Actually implementing all this is complex. Fortunately some nice people have written Flicker which makes the process easy. Flicker is very small, which means it's easy to audit and convince yourself there are no flaws that might allow the host OS to make the isolated world do something unexpected.

The nice thing about this approach is that TC is a very general tool. For instance it has applications in intelligent agents, secure timestamping, oracles and other topics that may be of interest to Bitcoiners. The isolated worlds can create cryptographic proofs of their execution that are verifiable by others - this means you can dramatically increase your trust in a third party, providing an interesting and often cheaper alternative to the "quorum of independent participants" paradigm.

There are some open questions that need to be solved first:

  • Services like Linode reduce their costs by virtualizing the hardware. It's possible to virtualize TC hardware, indeed, the open source "tboot" project from Intel suspends the host OS and then literally installs a Xen-based hypervisor underneath it on the fly, allowing an entirely separate copy of Linux to boot which runs in parallel to the first one - all tracked by the TPM. However this increases complexity a lot!
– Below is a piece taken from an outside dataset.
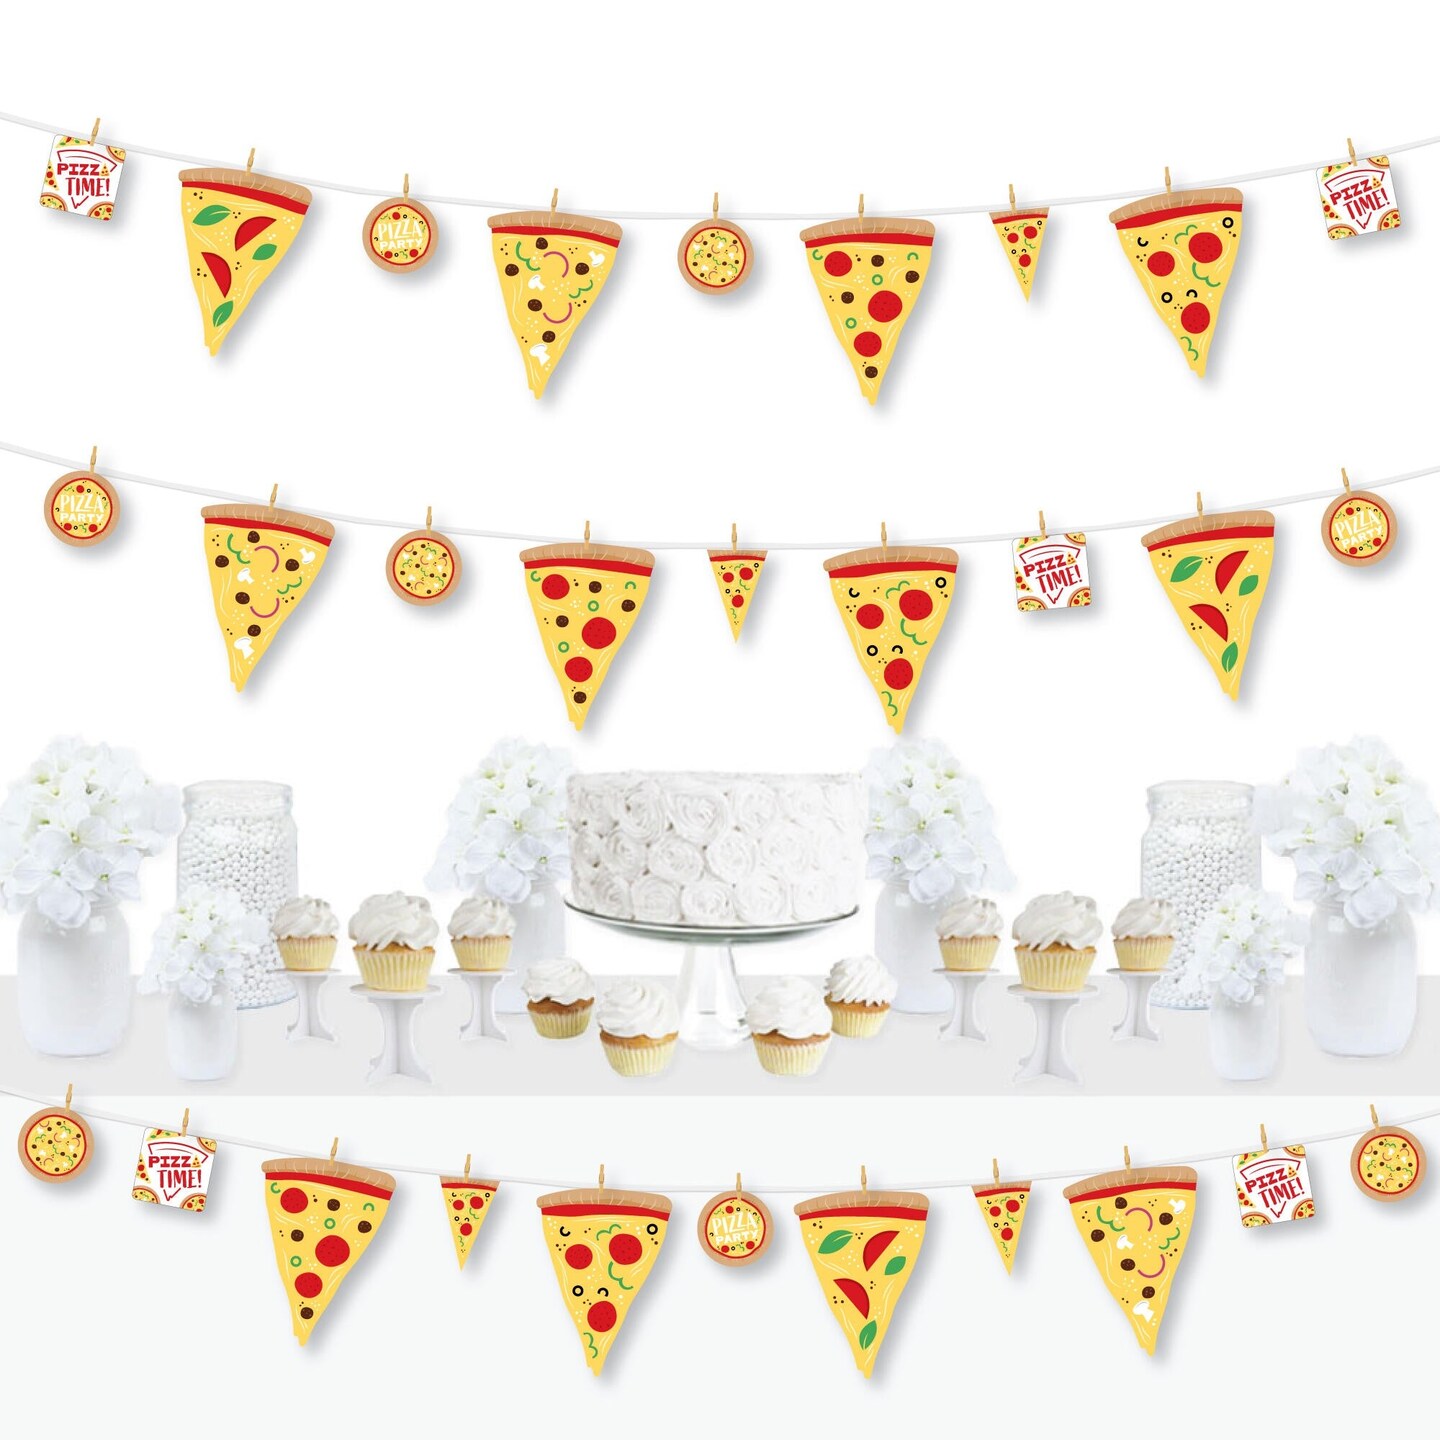 Big Dot of Happiness Pizza Party Time - Baby Shower or Birthday Party DIY Decorations - Clothespin Garland Banner - 44 Pieces

First versions of TC services would probably want to find a simpler way to support virtualization.
  • How do you make writing secure monitors easy for people who are not necesssarily comfortable with C or C++? Flicker helps a lot but it still assumes fluency in low level programming.
  • How do you abstract and simplify the techniques needed to track external state. For instance, a pool server needs to track who is owed what payouts. Even if an attacker can't compromise the wallet, they could submit bogus payment data to the monitor and trick it into signing away its money. The monitor could potentially store and manage the entire database itself, but there are often better ways. The trick is to make them simple. This is a problem shared with the multi-server approach. Common design patterns would help a lot.

I plan to research some of these topics in the coming months.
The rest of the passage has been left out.